Artisan leaders have a very different approach to what they determine as success. They lead with soul not efficiency. For them, every detail matters. They don’t cut corners, they value the necessity of struggle and deliberately avoid the unethical practices of meddling in the dark arts of gaming results - the strategy. For the artisan, the journey of his craft displaces the final finished piece in significance.
In education, we have taken the opposite approach. Reform has largely been focused on tightening accountability, centred on ‘big data’ measures - test based rather than trust-based accountability. Policy has been designed to self-justify and reinforce political preference, reducing pupils to the outcome of a test. Schools have obsessed with data reporting for external accountability instead of focussing on how quality formative assessment can be used to maximise learning. Setting national or local education targets based purely on attainment in a limited number of subjects, defies everything we know about expansive assessment practice. It creates a fixed mind-set about what constitutes success and ignores the broader skills family employers are desperate for our young people to demonstrate.
We need to champion a new kind of learning which champions teamwork, creativity and critical thinking. Rank position and league tables are inappropriate and often unreliable as a true measure of a school’s worth. They can be influenced by quite small differences in cohort scores, providing misleading information. A binary assessment model, has done nothing to empower teachers to use their own judgement to identify pupils’ real next steps. Across the globe, we are beginning to question whether assessment accountability has worked for all students and whether it has in fact become a barrier to meeting the inclusive needs of all pupils.
Big data school leadership is headline grabbing; identifies patterns and trends between student outcomes and strives to provide answers for school leaders and policy makers in evaluating performance. The problem is, it fails to provides answers to the causes - pupil level information about improving teaching and learning, student motivations, relationships between staff and pupils. As the likes of Dylan Wiliam have argued for a long time, investment in formative assessment is more likely to improve the quality of education than standardised tests. It strengthens collective autonomy, by giving teachers more independence to interpret school based evidence and empowers pupils by involving them in the process of reflection and evaluating learning. Our obsession with test scores has guided us away from our North Star.
Dr Stuart Kime (Director of Education, Evidence Based Education) argues:
“How can anyone hope to become skilled in the craft of great assessment when its role in education is so mercurial and politicised, and deep understanding of it so thin on the ground by virtue of such limited high-quality training and long-term support? Assessment has become synonymous with marking, and marking has become a proxy for effective teaching. The potential power of classroom assessment has been diminished the more it has shape-shifted its way between being a learning tool and an accountability instrument. Without recalibrating our expectations of what these valuable tools can – and cannot do – we stand little chance of harnessing assessment’s true power to enhance learning.”
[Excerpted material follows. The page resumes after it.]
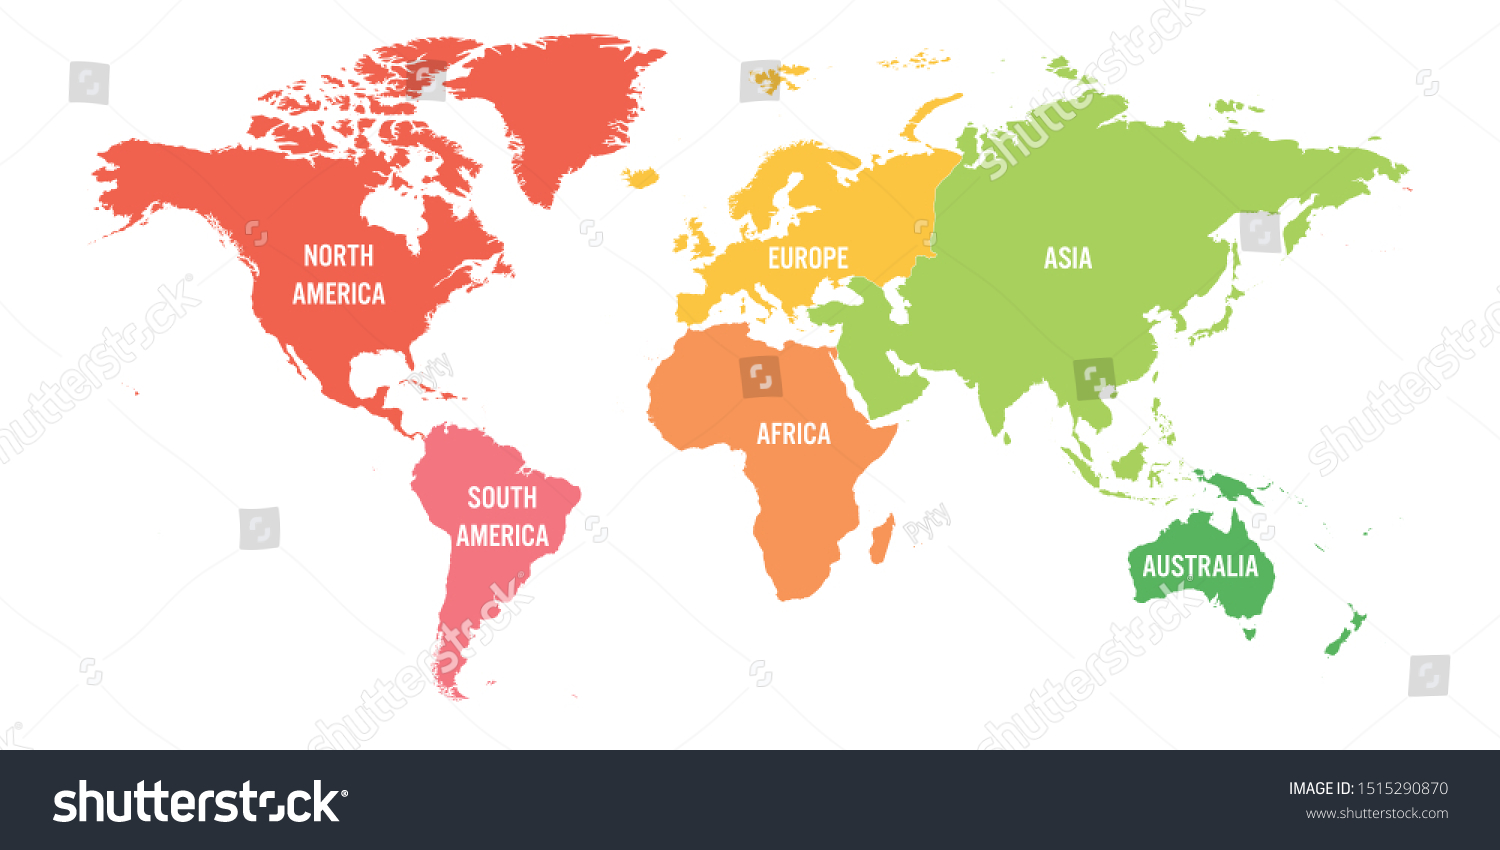 世界地図は6大陸に分かれている 大陸ごとに色が違う 単純な平らなベクター画像イラスト のベクター画像素材 ロイヤリティフリー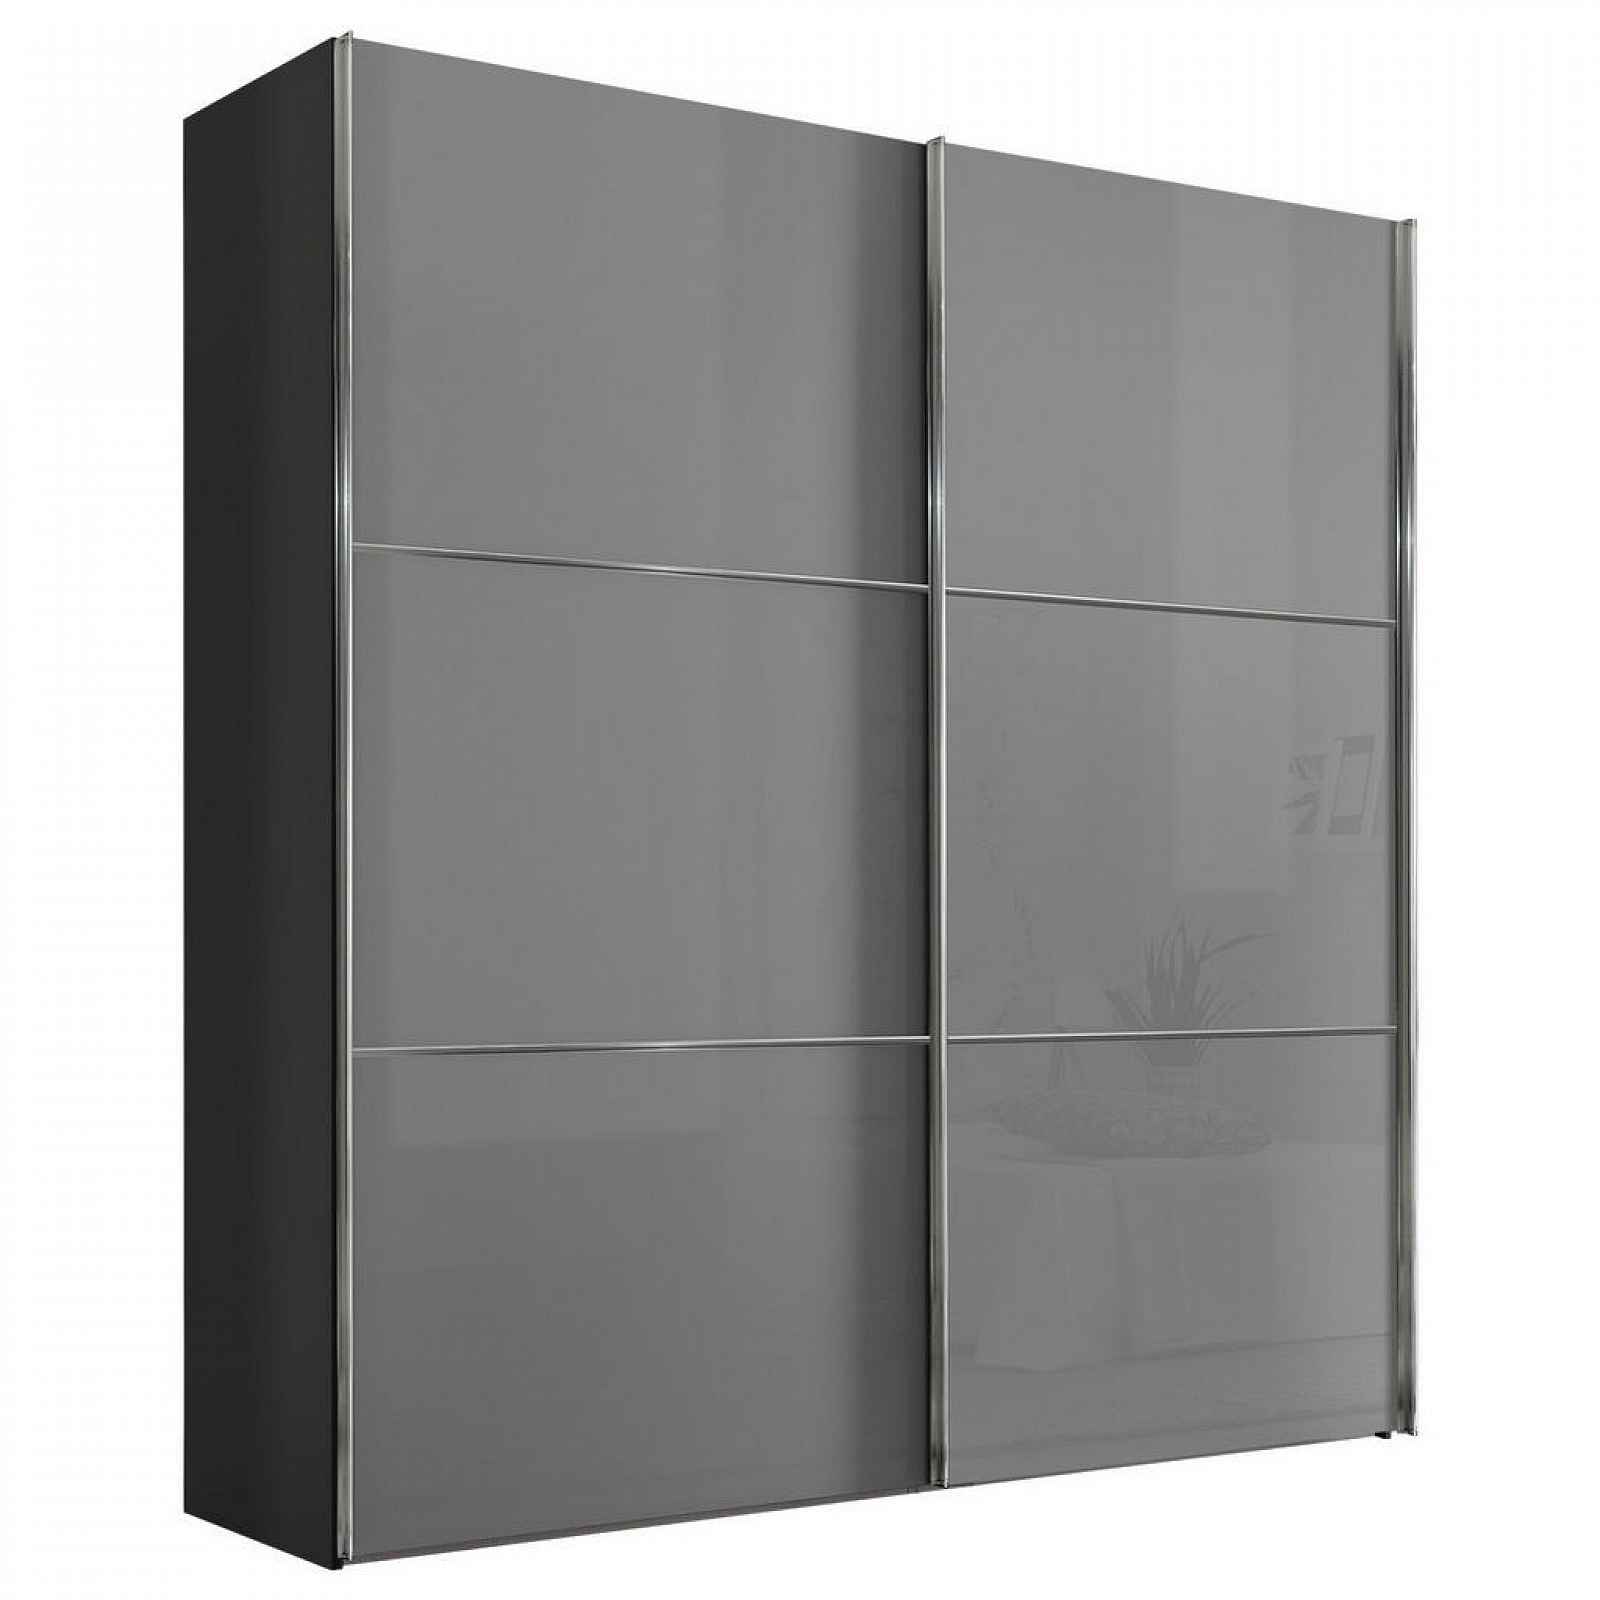 Moderano SCHWEBETÜRENSCHRANK Glasfront, světle šedá, tmavě šedá, 188/222/68 cm - Šatní skříně - 000531006069

Ethical leaders are authentic because they believe what they do carries a noble prize, where everyone succeeds. They create followers who share common values and they identify with the communities they lead because they see the whole person rather than a test score. They understand the importance of relationships. The unquestioned pressure of accountability has challenged the resolve of our most diligent school leaders to hold firm to these beliefs. The risk is, we grow blind to what is hardest to measure: values, educational principles, culture and climate. These are the true determining factors of great, inclusive schools, providing an expansive education - this is soul in the game.